21. At least one machine-readable medium comprising instructions that, when executed by a high-efficiency (HE) station (STA) for operation in a wireless network for which channels are defined to include a primary subchannel and a plurality of secondary subchannels, cause the STA to:

initiate wireless connectivity with a HEW access point (AP) on a first subchannel having a subchannel bandwidth that is a fractional portion of a default channel bandwidth defined for the wireless network;

encode a subchannel change request message for transmission to the AP, the subchannel change request message indicating the at least one candidate secondary subchannel for the AP to use for communication with the STA;

decode a received subchannel change response message sent by the AP, the subchannel response message scheduling relocation of the communications to a new secondary subchannel from among the at least one candidate secondary subchannel; and

initiate relocation of communication with the AP to the new secondary subchannel.

22. The at least one machine-readable medium of claim 21, wherein the subchannel change request message indicates a plurality of available secondary subchannels, and wherein the subchannel change response message indicates selection by the AP of the new secondary subchannel.

23. The at least one machine-readable medium of claim 21, wherein the instructions are to further cause the STA to:

measure subchannel congestion of a set of secondary subchannels;

24. The at least one machine-readable medium of claim 21, wherein the first subchannel is the primary subchannel.
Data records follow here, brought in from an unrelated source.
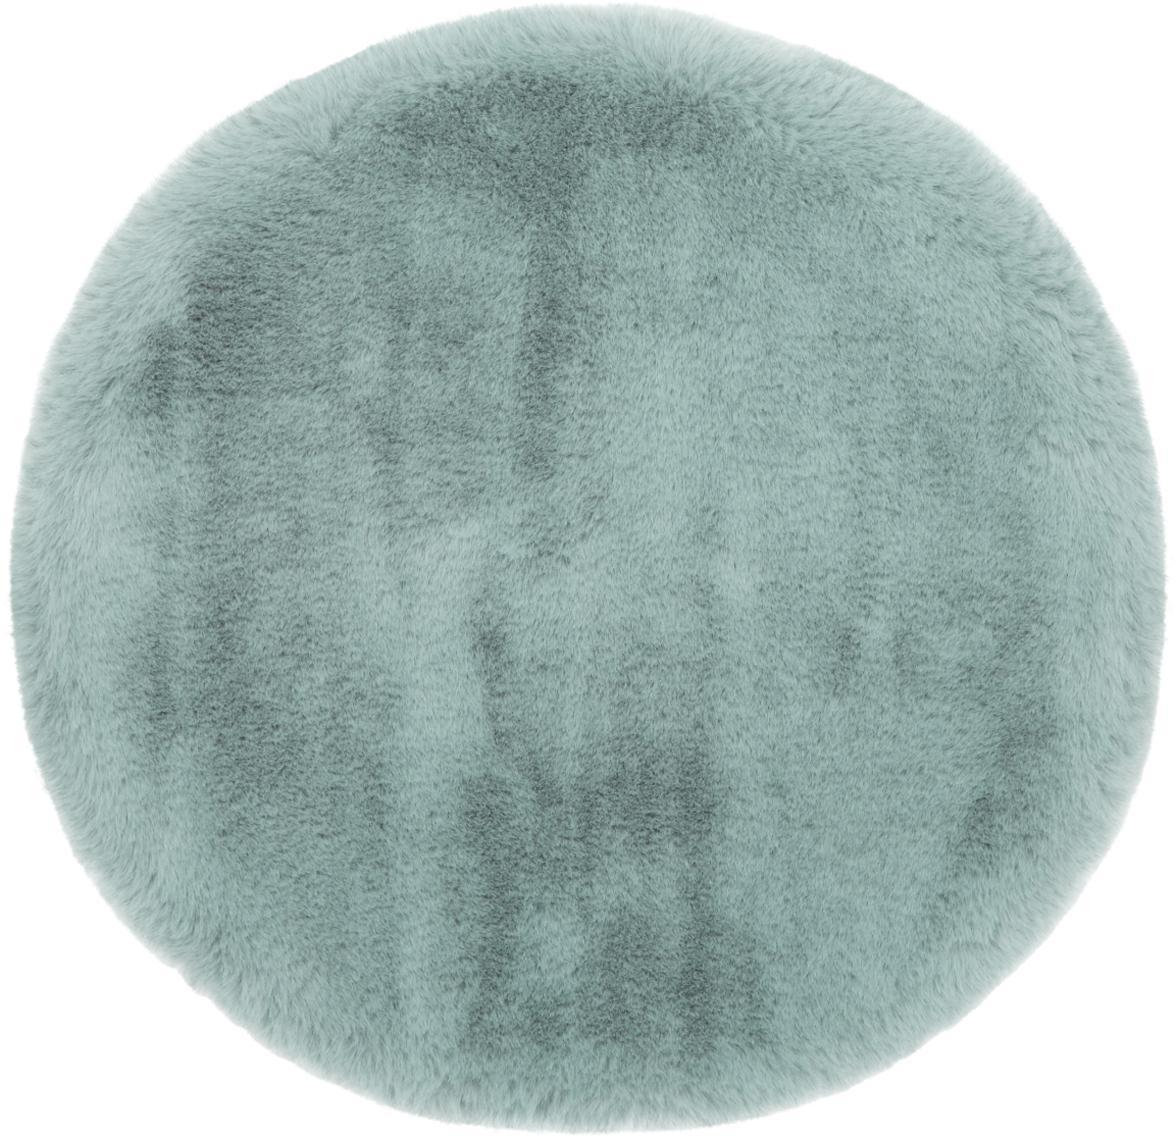 Rond zitkussen van imitatievacht Mette, glad, Groen, Ø 37 cm
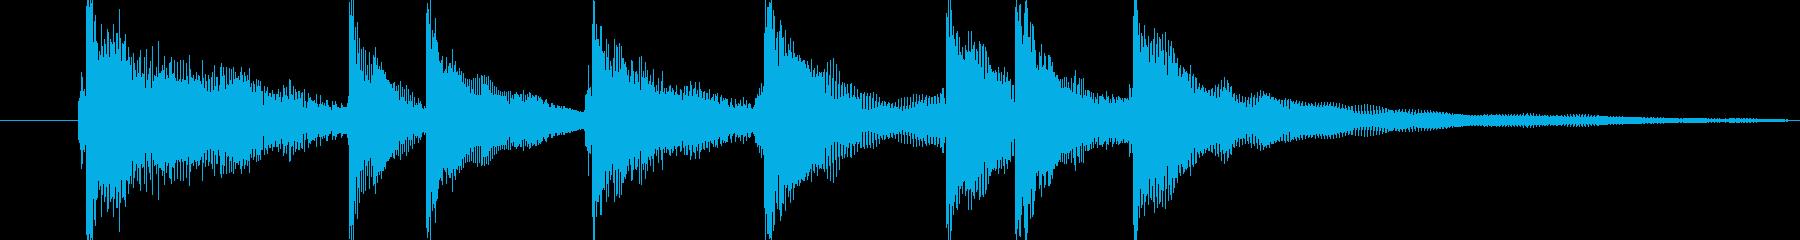 和太鼓と三味線の掛け声のジングルですの再生済みの波形
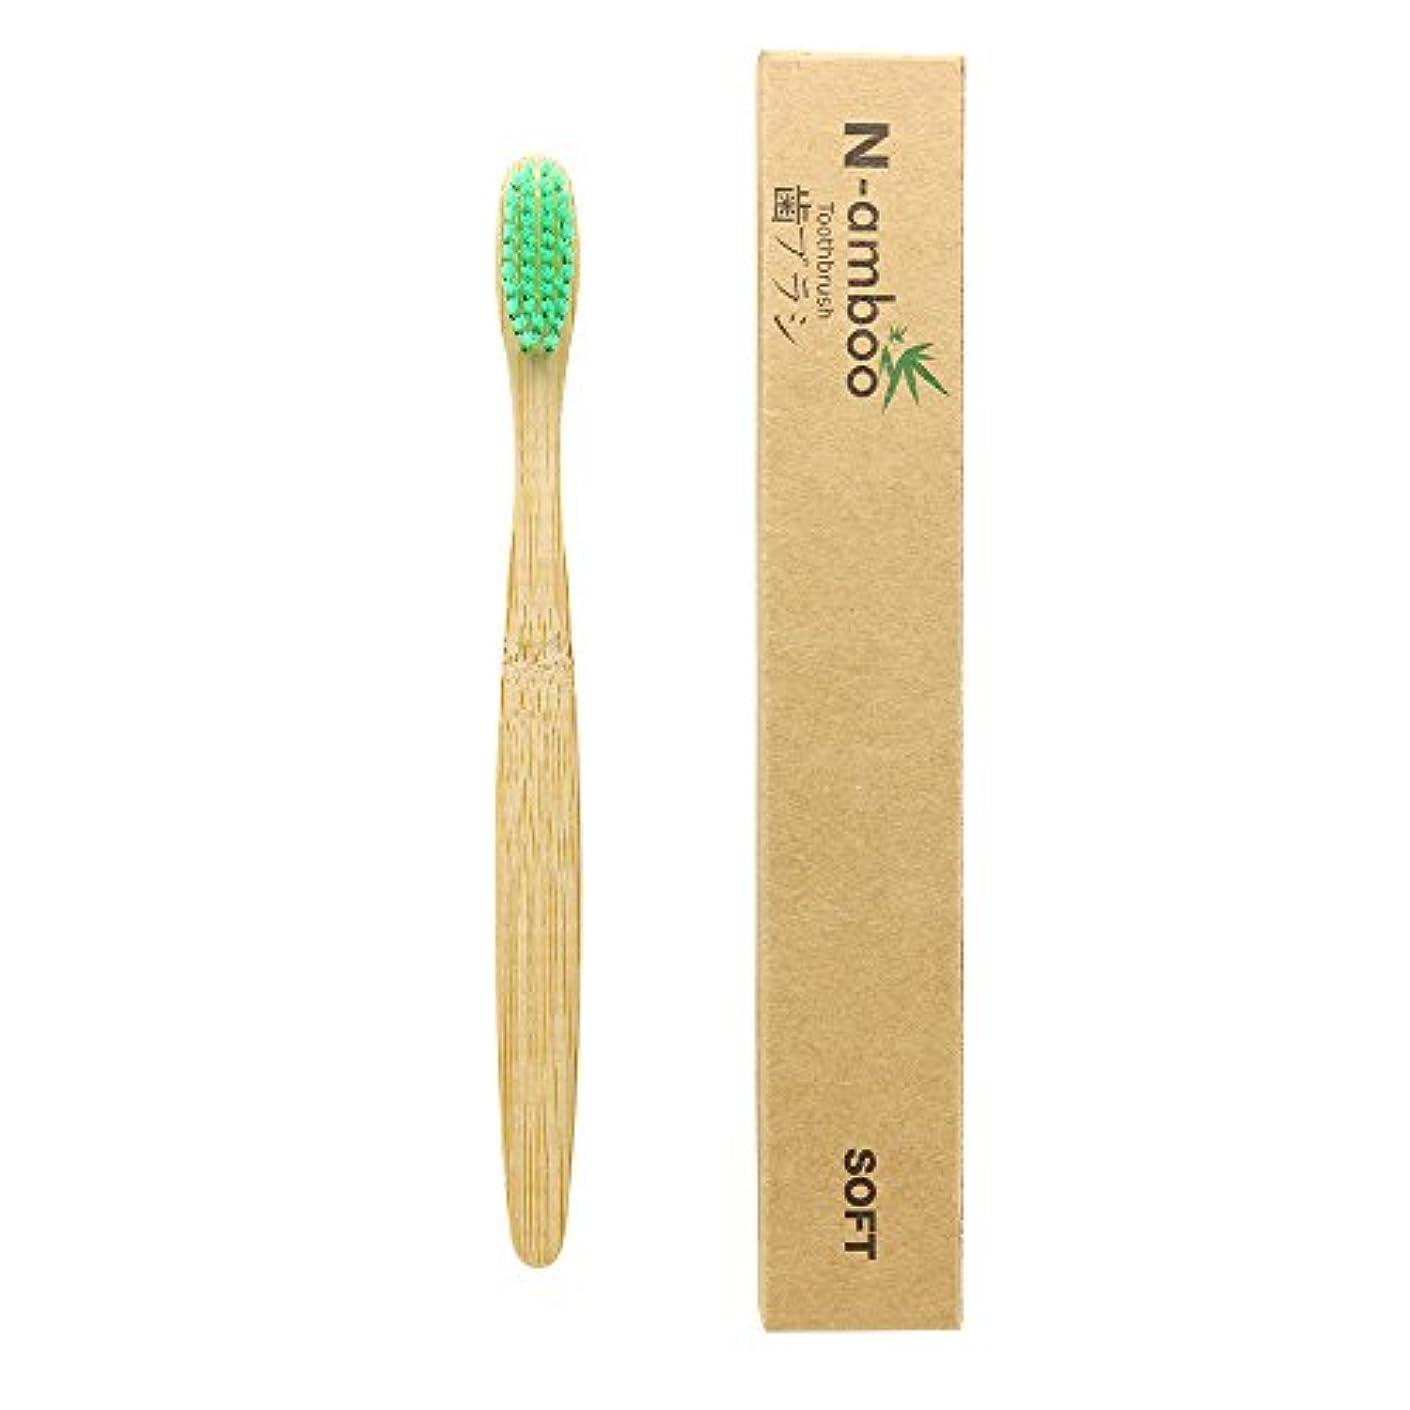 言い聞かせるセクション志すN-amboo 歯ブラシ 1本入り 竹製 高耐久性 緑 エコ

25. The at least one machine-readable medium of claim 21, wherein the subchannel change response message is decoded from reception on the primary subchannel.

26. The at least one machine-readable medium of claim 21, wherein the subchannel change response message is decoded from reception on the first subchannel.

27. The at least one machine-readable medium of claim 21, wherein the primary subchannel and each of the secondary subchannels have a bandwidth of 20 MHz.